Empathy is another concept that usually comes up when talking about care, and the clinical psychologist prefers to limit it. “We always see empathy as a wonderful thing, but empathy per se does not make us behave more compassionately. When our brain empathizes with another, it is asking: what would you like. But that is problematic with dementia, because what you wanted as a human being does not correspond to the disease. I think that caring for someone with Alzheimer’s requires more compassion than empathy,” observes Kiper.

A fact that may not be so surprising to those who have cared for people suffering from degenerative diseases is that, when everything ends, in addition to a huge void, caregivers are left with two feelings: they would do it again, but they would change how they did it. “At first that surprised me, I didn’t know if it was self-deception, but I think it’s because our brains are enormously adaptive. Part of that comes from having provided comfort to a loved one, but it also happens that the brain is good at reframing things, making sense of them. Once the experience is over we can look at it with greater tenderness and remember the wonderful moments. Caring leads to a lot of intimacy. Maybe a father was a very proud and self-sufficient person, but during that stage he allowed you to clean him up. Those moments end up full of meaning.”

What about people who exclude themselves from care?

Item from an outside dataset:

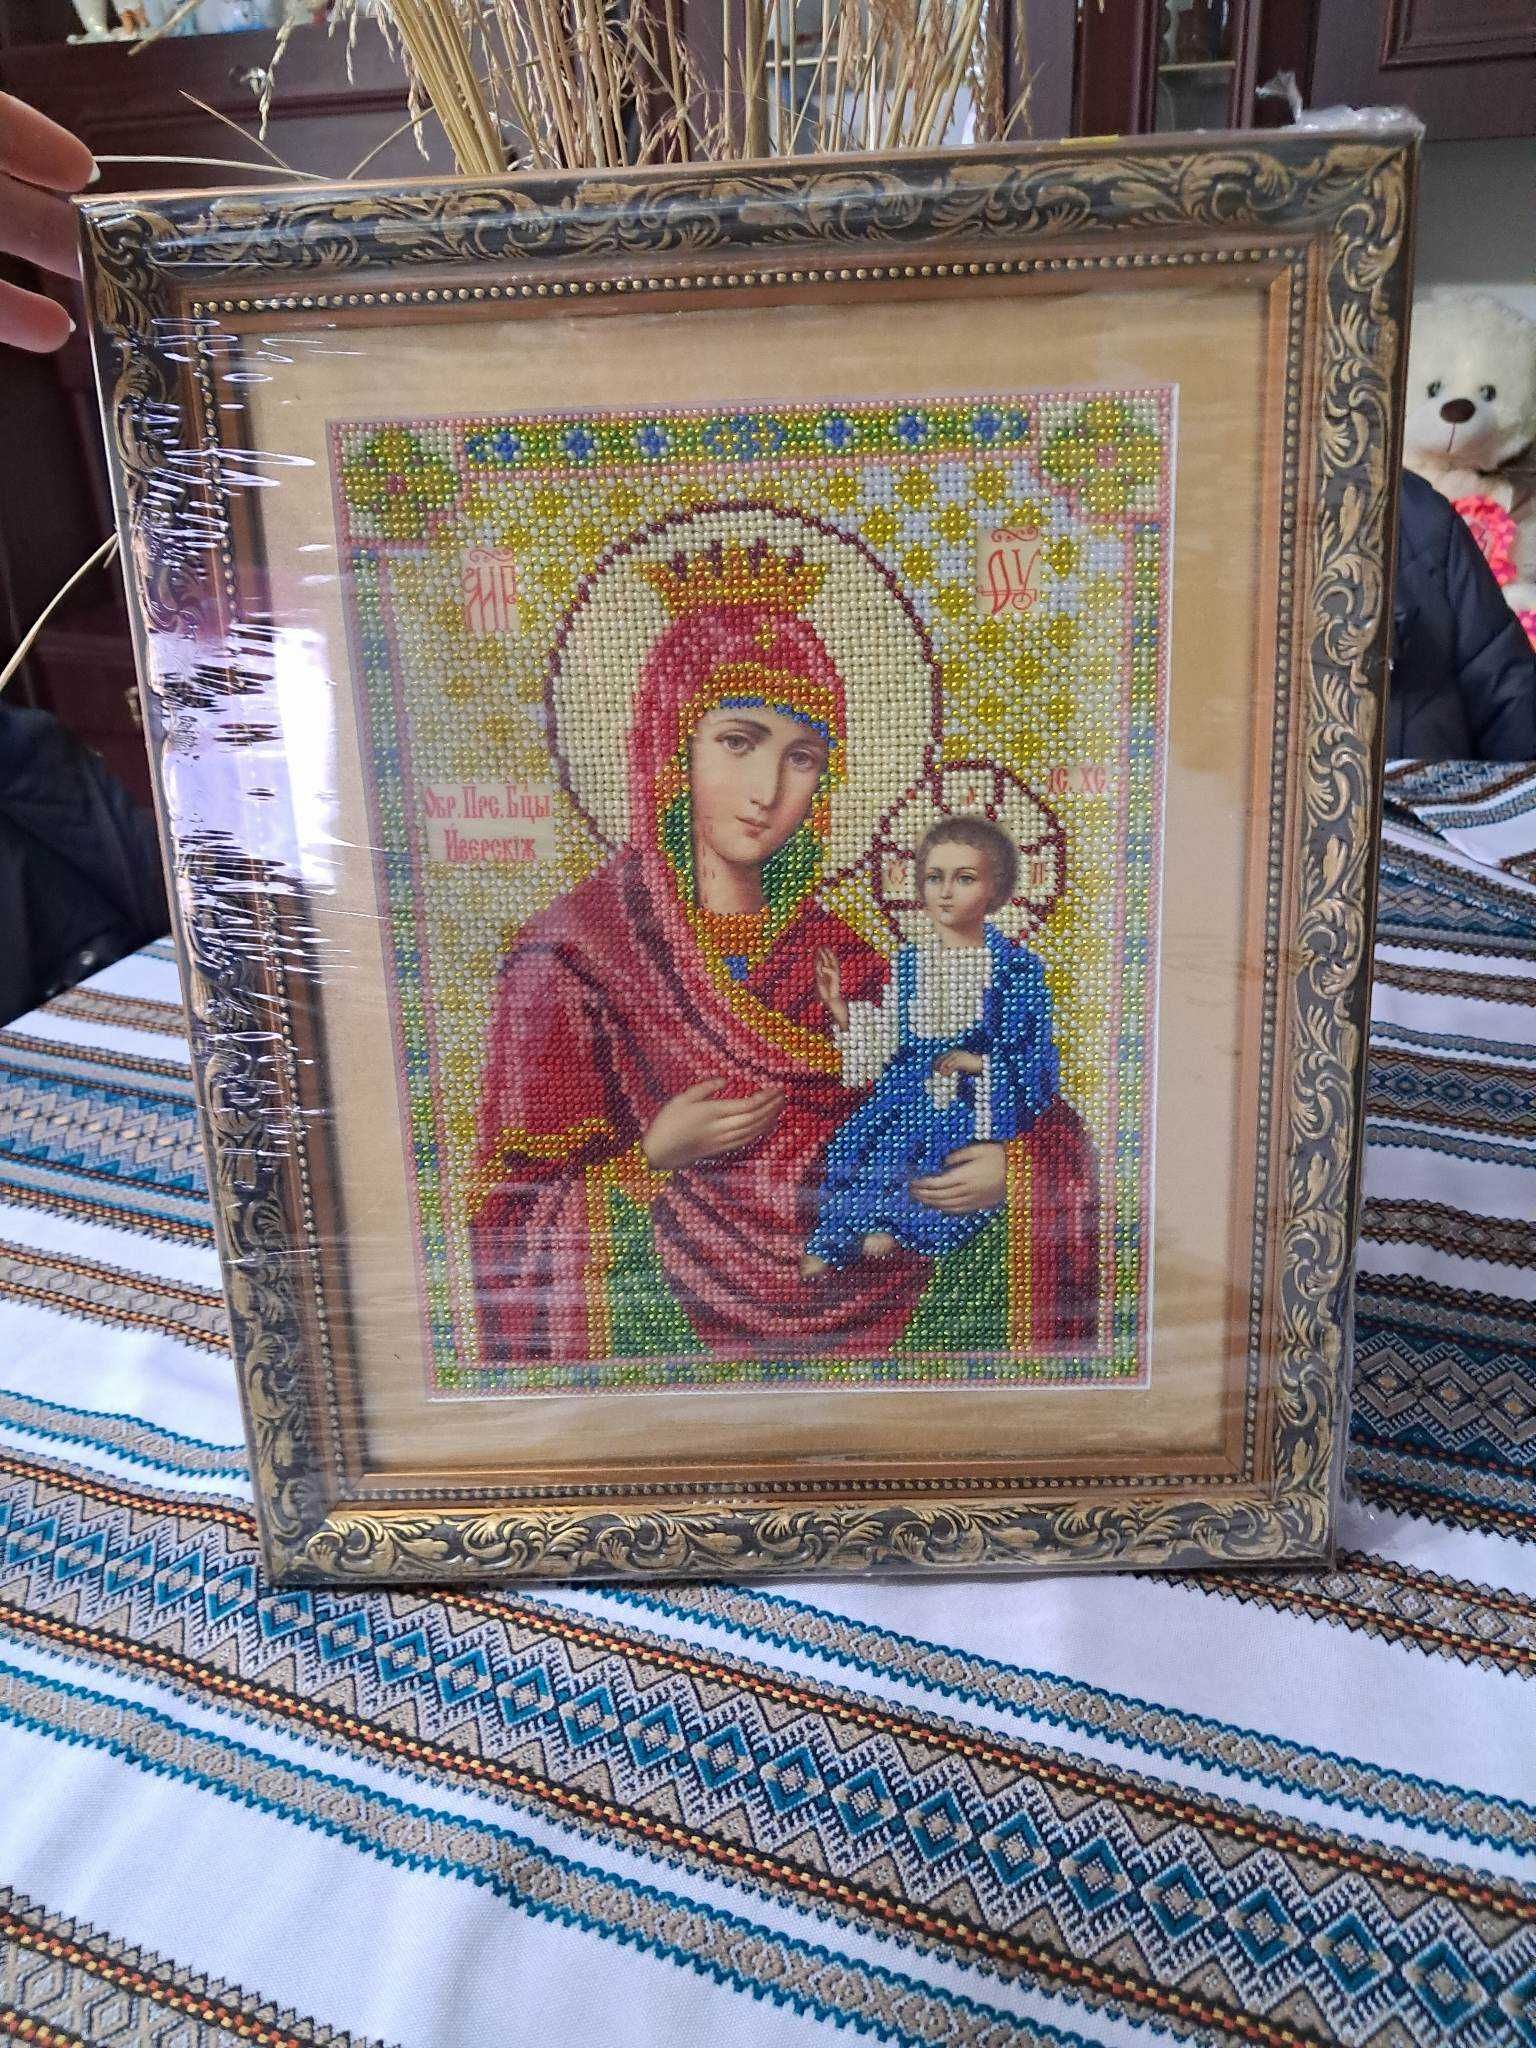 Ікона Божої Матері з Ісусом

Do they always do so motivated by a selfish impulse, hoping that someone else will take charge? “Not everyone can care, and I don’t think it’s right that the family is always expected to do so. Just as there are people who are not made to be fathers or mothers, there are people who should not care and that does not make them worse. Being a caregiver requires many qualities and not everyone can do it, it is like devaluing this very difficult job. I have heard many women say that they were about to divorce their husbands when they fell ill and were forced to take care of them. They shouldn’t be doing it, even though I know it’s not realistic. I wish society would allow it.”